If start crashes, the row sits at In Progress. Manual recovery: /agency-os move <id> --to todo or flip Status in Notion directly.
Before every command, call notion-fetch <tasks_data_source_id> (from notion-pointers.json) to get live data from Notion. Resolve <id-or-substring> against the live result. Never read from notion-cache.json or any local snapshot. Mutations also target Notion directly.
If notion-fetch fails (Notion API down, OAuth expired), print sync failed: <reason> and abort — do not fall back to any cached file.
Hub (page)
+-- intro: what this board is for
+-- General Guidance -> page
+-- General Plan -> table; one row per Corpus, linked to its page
+-- Suggestions Inbox (linked DB view: Status=Suggestion, sort Created desc)
+-- In Discussion (linked DB view: Status=Discussion, sort Created desc)
+-- To-Do (Scheduled) (linked DB view: Status=To-Do, sort Priority asc, group by Corpus)
+-- Recurring (linked DB view: Type=recurring, sort Last Done asc)
+-- In Progress (linked DB view: Status=In Progress)
+-- Recently Done (linked DB view: Status=Done, sort Done At desc, limit 25)
+-- Resources -> page
Tasks (database)
+-- one row per task, of any status, including subtasks
| Property | Type | Notes |
|---|---|---|
Title | title | Imperative phrase, <=80 chars |
Status | status | Suggestion, Discussion, To-Do, In Progress, Done, Killed. Default Suggestion |
Type | select | one-time (default), recurring |
Cadence | select | daily, weekly, biweekly, monthly, quarterly, yearly. Empty for one-time |
Last Done | date | Set on done for recurring |
Corpus | select | One of the configured corpora |
Priority | select | 1, 2, 3, 4 — urgency (1 = blocks something this week / 2 = this month / 3 = this quarter / 4 = nice to have / default). Lower number = higher urgency. Default 4 |
Impact | select | low, medium, high, outsized — outcome size within the task's corpus, independent of urgency. Default medium |
Effort | select | S, M, L, XL. Default M |
Exec | select | none (default), Agent, Human. Operator-set gate: only Agent-marked To-Do rows enter the run queue |
Parent Task | relation (self) | Set on subtasks; empty for top-level tasks |
Subtasks | rollup | Auto-rolled from inverse of Parent Task; surfaces count |
Created | created_time | Automatic |
Done At | date | Set on terminal Done (one-time) |
Result Link | url | Live link, post URL, PR URL, etc. |
Tags | multi_select | Cross-cutting concerns (user-defined) |
Dependencies | relation (self) | IDs of tasks that must reach Done before this row is dispatchable. Used only by run to stage execution; ignored by start, next, list. Empty by default |
Every task page uses toggleable H2 sections so the DB grid stays clean and details fold on click. Created via Notion's is_toggleable: true heading flag (Notion API). If the MCP path can't set the flag, fall back to plain H2; the user can toggle manually.
> Launch this task
> Paste in Claude Code: `/agency-os start <id>`
Description <- starts expanded
<freeform: what to do, why, acceptance criteria, links to docs/skills>
Subtasks <- starts expanded if any subtasks exist, else hidden
(linked DB view: Parent Task = this, sort Created asc)
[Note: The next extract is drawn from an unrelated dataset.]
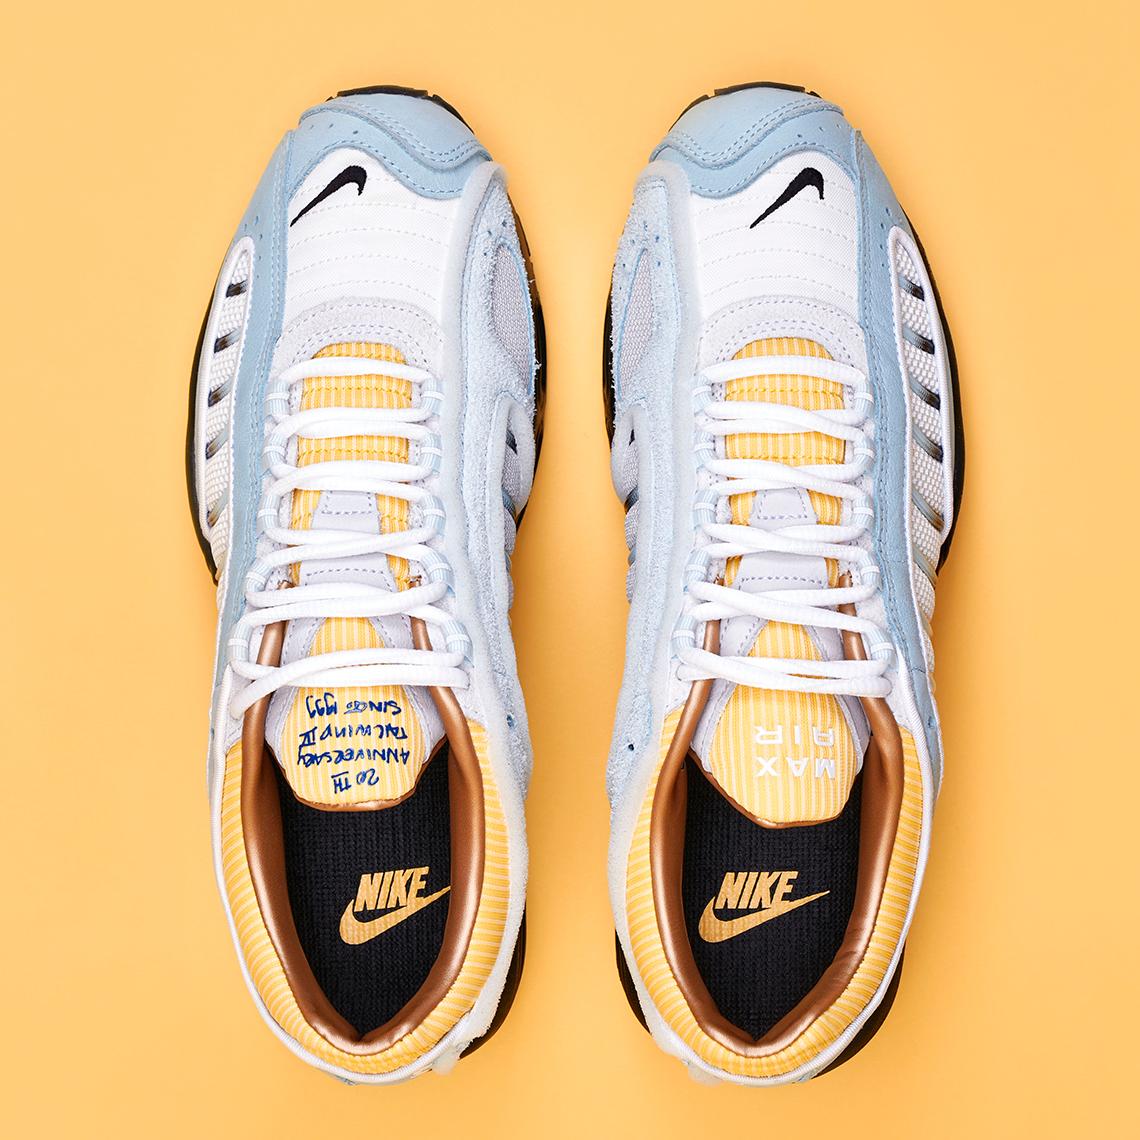 Nike Air Max 90 White Leopard,nike air max tailwind,nike air

Discussion log <- starts collapsed
### 2026-01-10 — initial clarification
Q: ...
A: ...
Decisions:
- ...
Done log <- starts collapsed; only meaningful for recurring
### 2026-01-12: completed by agent — link <url>
Related <- starts expanded; one-line each
Corpus: [-> <corpus>](<corpus-url>)
General guidance: [-> Guidance](<guidance-url>)
Parent: [-> <parent-title>](<parent-url>) <- only for subtasks
# Corpus: <name>
## Goal
1-3 sentences on what "done" looks like for this whole corpus.
## Local guidance
Conventions, owners, references. Anything an agent needs before its first task here.
## Tasks
(linked DB view: Corpus = this, group by Status)
Project-wide rules: link into docs/, link into .claude/skills/, the launch flow, house style. Kept short. Links beat duplication. Seeded from references/general-guidance.md — edit the local file, push the mirror.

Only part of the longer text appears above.